2014年 04月30日 22:00 (水)

 先日、ようやく大物の書籍の初稿を書きあげる。

 これで3月以来の多忙も、大きな峠を超えた感じだ。しかし、これから10日間の間にインタビュー記事を4本書かねばならぬ。つまり私のところには、黄金週間なるものは来ないらしい(苦笑)。

 とはいえ、1年がかりの大物の原稿(約200ページ)を書き終えたので、少し気持ちに余裕ができた。そこで一昨日、都内でインタビューの帰りに、紀伊國屋書店さいたま新都心店で開催中の「世界のトランプ・タロットフェア」に立ち寄ってみた。

トランプタロットフェア
▲写真は紀伊國屋書店さいたま新都心店のHPより。書店内で、無断撮影をしてはいけません・・・


 3年前の引越しのドタバタで、マルセイユ版のデッキを1つ失くしてしまったので、良いものがあれば買いたいなと思っていたのだが、残念なことにスタンダードなマルセイユ版(グリモー版やニコラ・コンヴェル版)のフルセットは、すでに売れてしまったのか見当たらなかった。

 ま、買い物も縁である。

 手に入らないということは、「縁が無かった」というべきか。



 タロットというのは、占術や自己啓発の道具であると同時に、コレクションとしての楽しみもある。といっても、私などは数デッキ持っている程度なのだが。

集合
▲0番の「愚者」いろいろ。おや? ひとり、違う人が紛れ込んでいるような・・・


アクエリアン
▲イケメン風の「愚者」(アクエリアン・タロット)


エッティラⅢ
▲古典的道化師風(エッティラ版)


ドイツライダー
▲鼻歌をうたいながら足元も見ずに断崖絶壁を歩く愚かな人。とても他人とは思えない・・・(ドイツ・ウエイト版)


ママンミユキ
▲犬の表情が、また味わい深い(mamanmiyuk版)


タロットクラシック
▲元祖ヘタウマ系。犬のセリフは、「カンチョー!」であろう、たぶん(タロット・クラシック)


1JJ
▲個人的には、この人が私の一番の贔屓である。「こんなん出ました!」という感じのドヤ顔が、なんとも馬鹿っぽくていい(1JJ版)


GD.jpg
▲魔術結社の「愚者」は、やはりひと味違う(ゴールデンドーン・タロット)


 「愚者」というカードは、ある意味でタロットの象徴ともいえる、たいへん興味深いものだ。彼の愚行の先には何があるのか? そもそもそれは本当に愚行なのか? あるいは深淵な無知の知なのか?

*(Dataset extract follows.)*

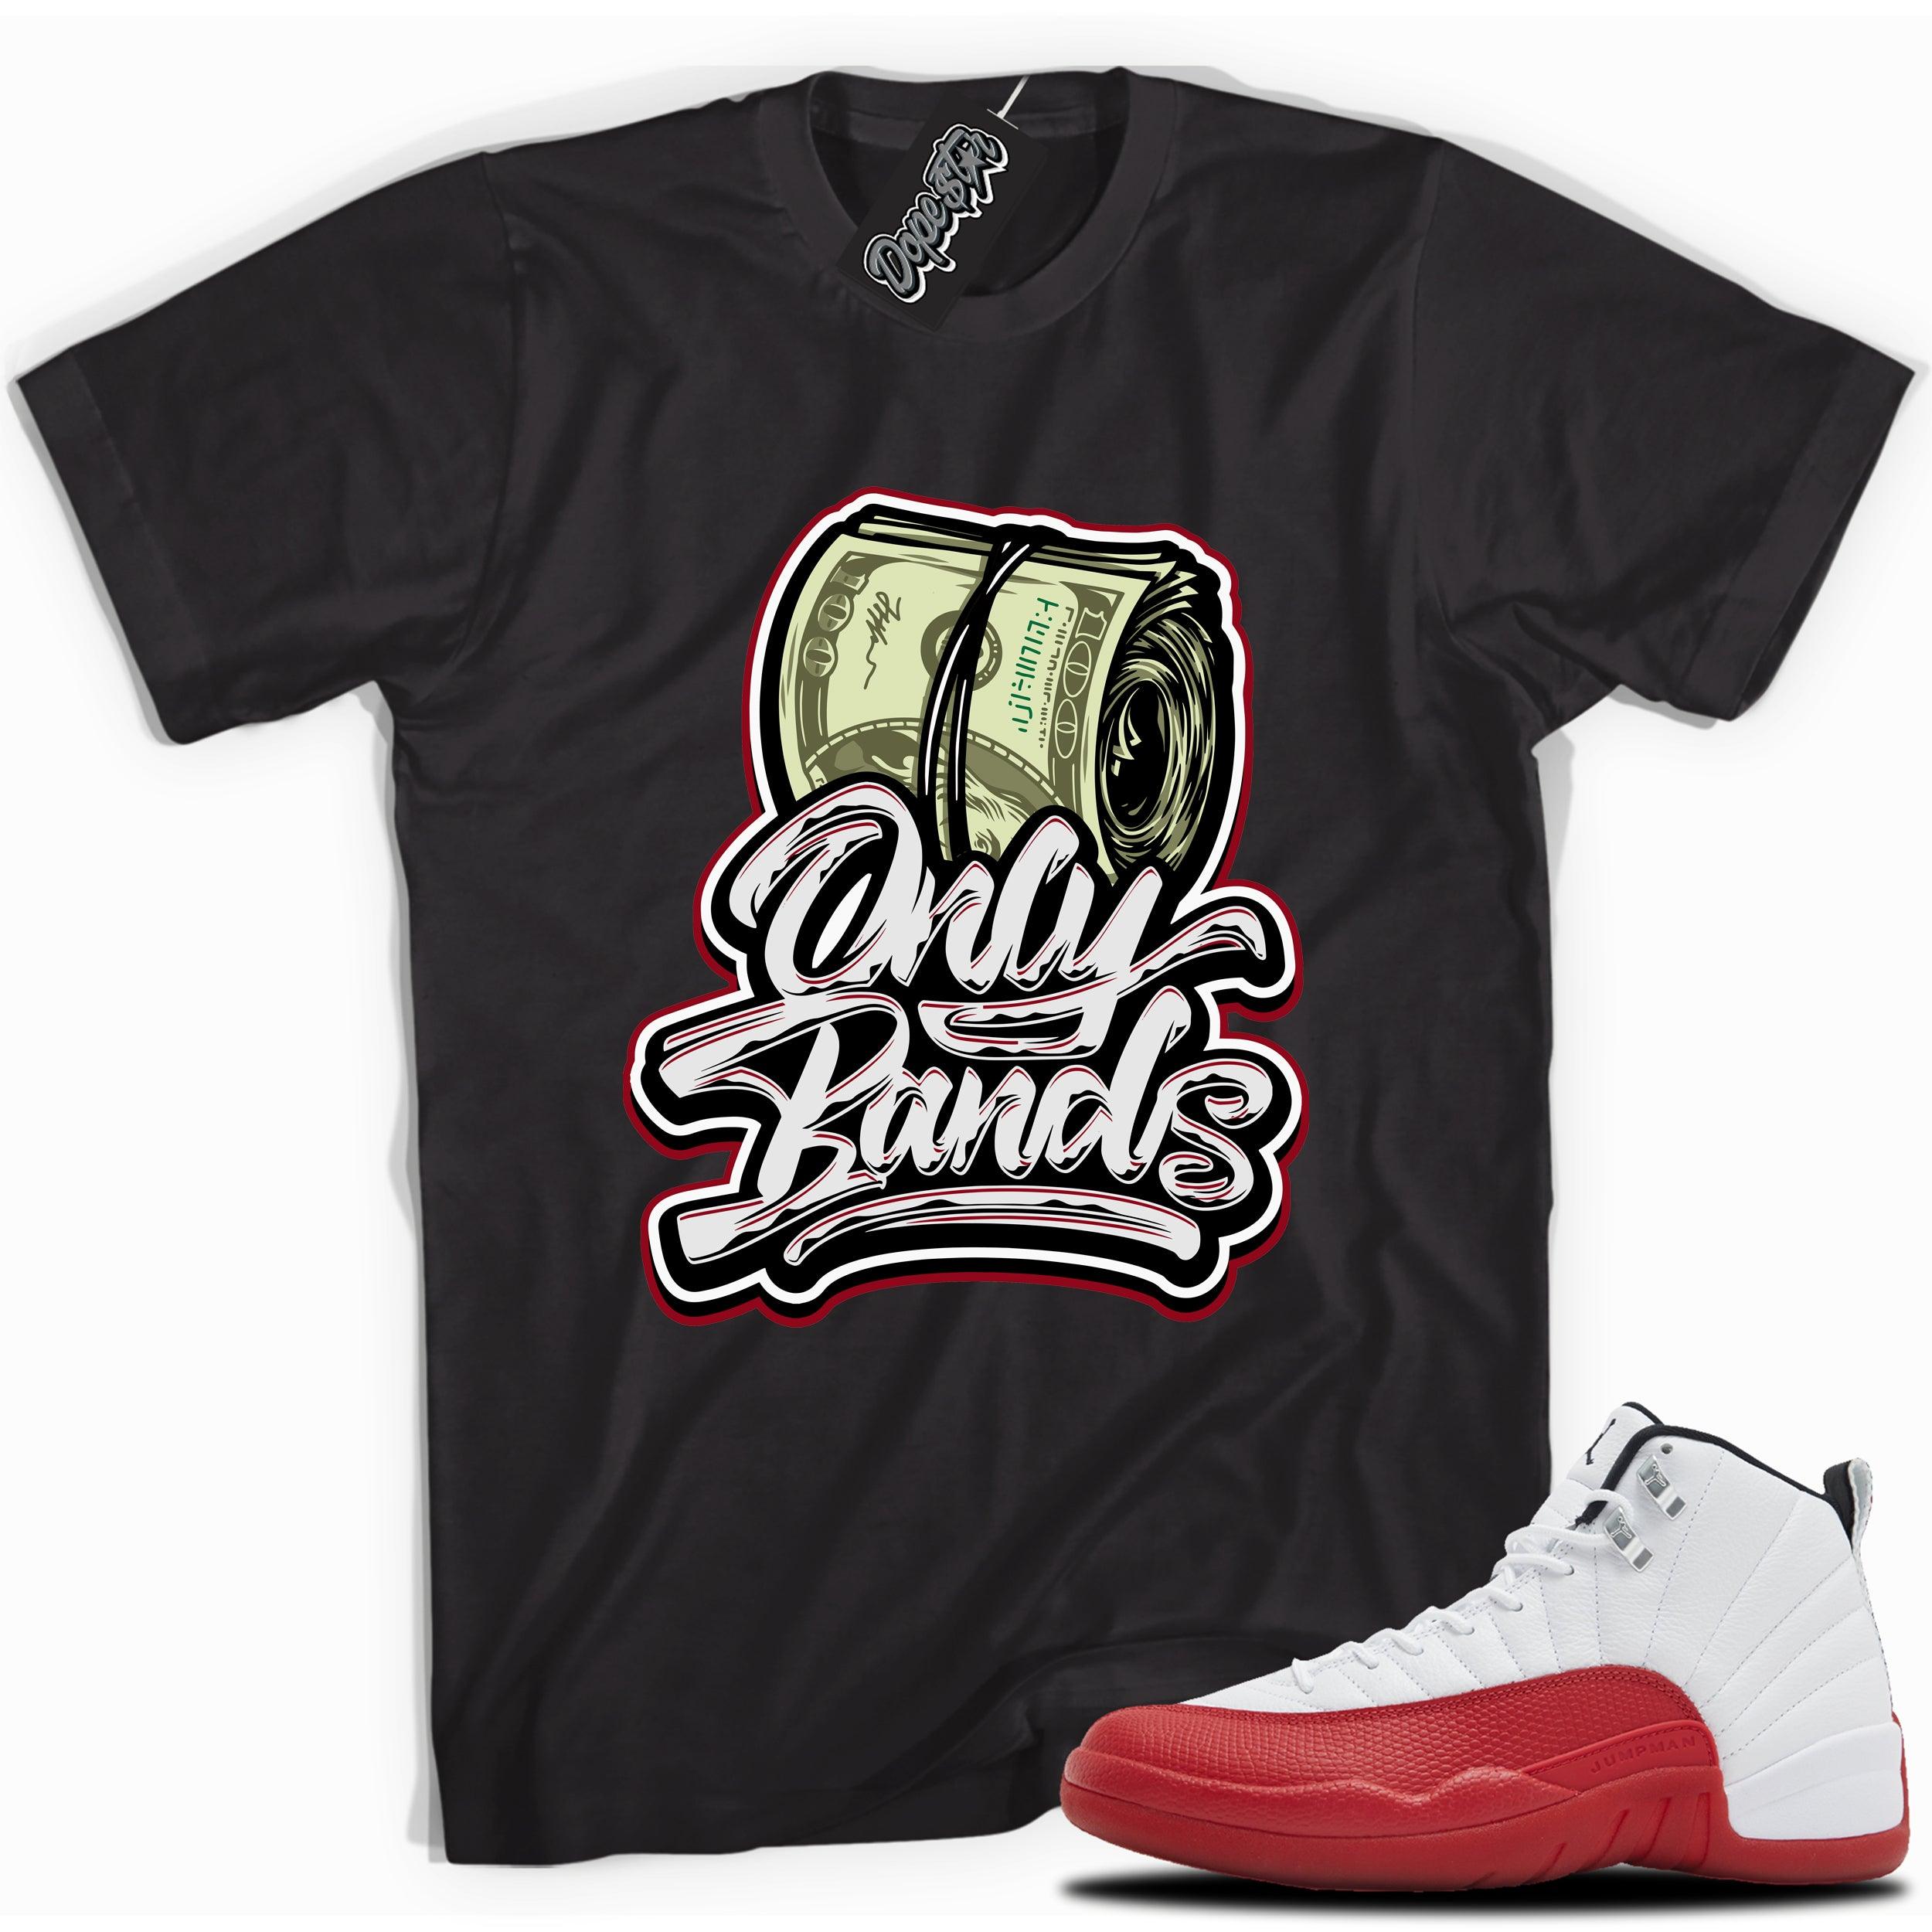 Cool Black graphic tee with “ONLY BANDS” print, that perfectly matches Air Jordan 12 Retro Cherry Red 2023 red and white sneakers

 ミステリアスなタロットのなかでも、ひときわ意味深な1枚が、この「愚者」である。

 もっとも、妙齢のお嬢さんに依頼された恋愛占いでこのカードが出たら、人生の荒波にもまれてきた初老の占い師としては、「馬鹿なことは、おやめなさい・・・」と優しく諭すであろう(笑)。


 ちなみに、最初の写真で愚者たちの夜会にまぎれこんでいたのは、この人である。

 魔術師
▲「タロット・クラシック」の1番「魔術師」


 愚者に化けて夜会に忍び込むとは、さすが魔術師だな。

「22枚の大アルカナは、象徴的で寓意的なカードであり、永遠に不変でいながら各瞬間に変化し、人間に影響している物質的、精神的な力を描き、再生している」(S.R.カプラン)

 (おしまい)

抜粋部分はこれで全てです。